CAFFEINE & PERFORMANCE


Caffeine is one of the most widely used supplements in the health and fitness industry. Caffeine finds its way into tea, coffee, soft drinks, chocolate, and medications, in addition to most pre-workout supplements on the market.


Caffeine is addictive; ask any coffee lover; but what does it actually do? It’s well known to stimulate the human body and can be used to boost and improve physical strength and endurance.



It is also classified as a nootropic as it stimulates the brain, causing you to be a lot more alert and awake by inhibiting adenosine within the brain. It sensitises neurons and provides mental stimulation.
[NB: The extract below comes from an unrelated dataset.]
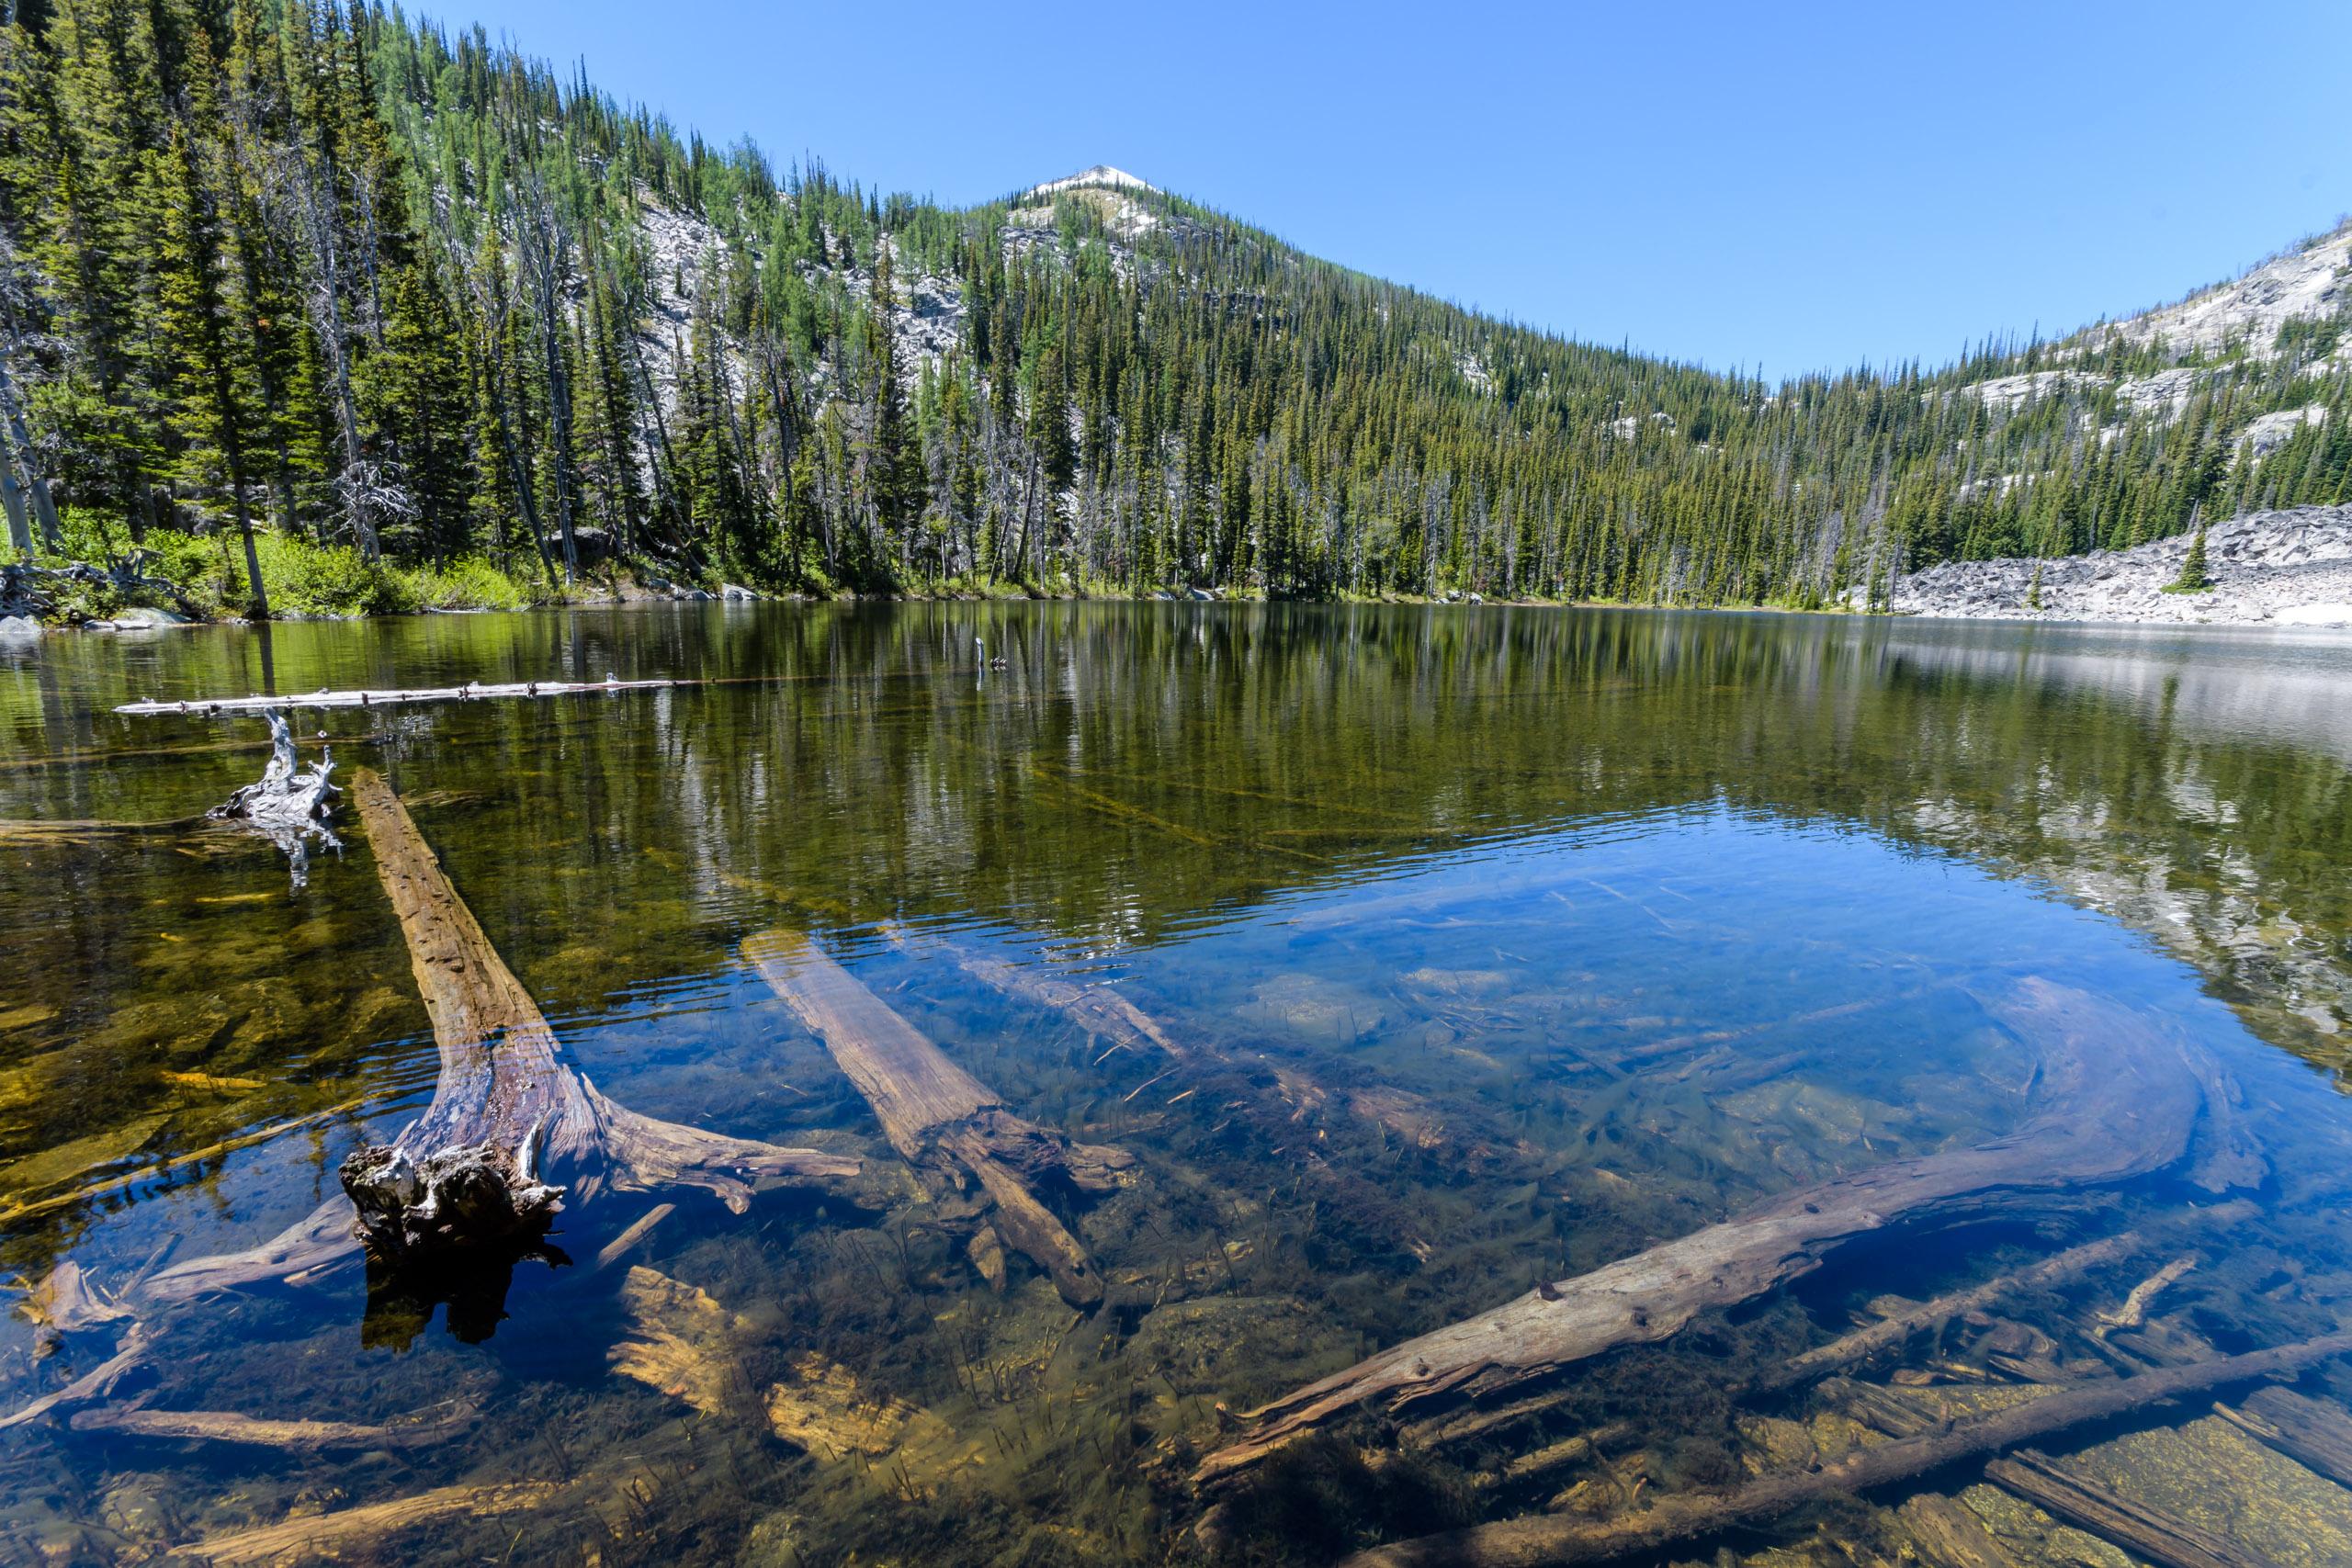 Camas Lake

When talking about training and performance, studies show that it has a greater positive effect on aerobic endurance performance than strength performance. However, it still improves strength endurance, though there isn’t enough evidence to show if these acute improvements can have a long term effect on strength and hypertrophy gains.



Dosages of caffeine vary between each individual. If you are new to caffeine supplements, the recommended dosage is roughly 100mg. The average dose is roughly 200mg with studies showing that acute strength increases occur at 400mg+ dosages.


Are you a coffee lover? Do you use caffeine to enhance training performance? How do you consume caffeine? Coffee? Energy drinks? Pre-workout?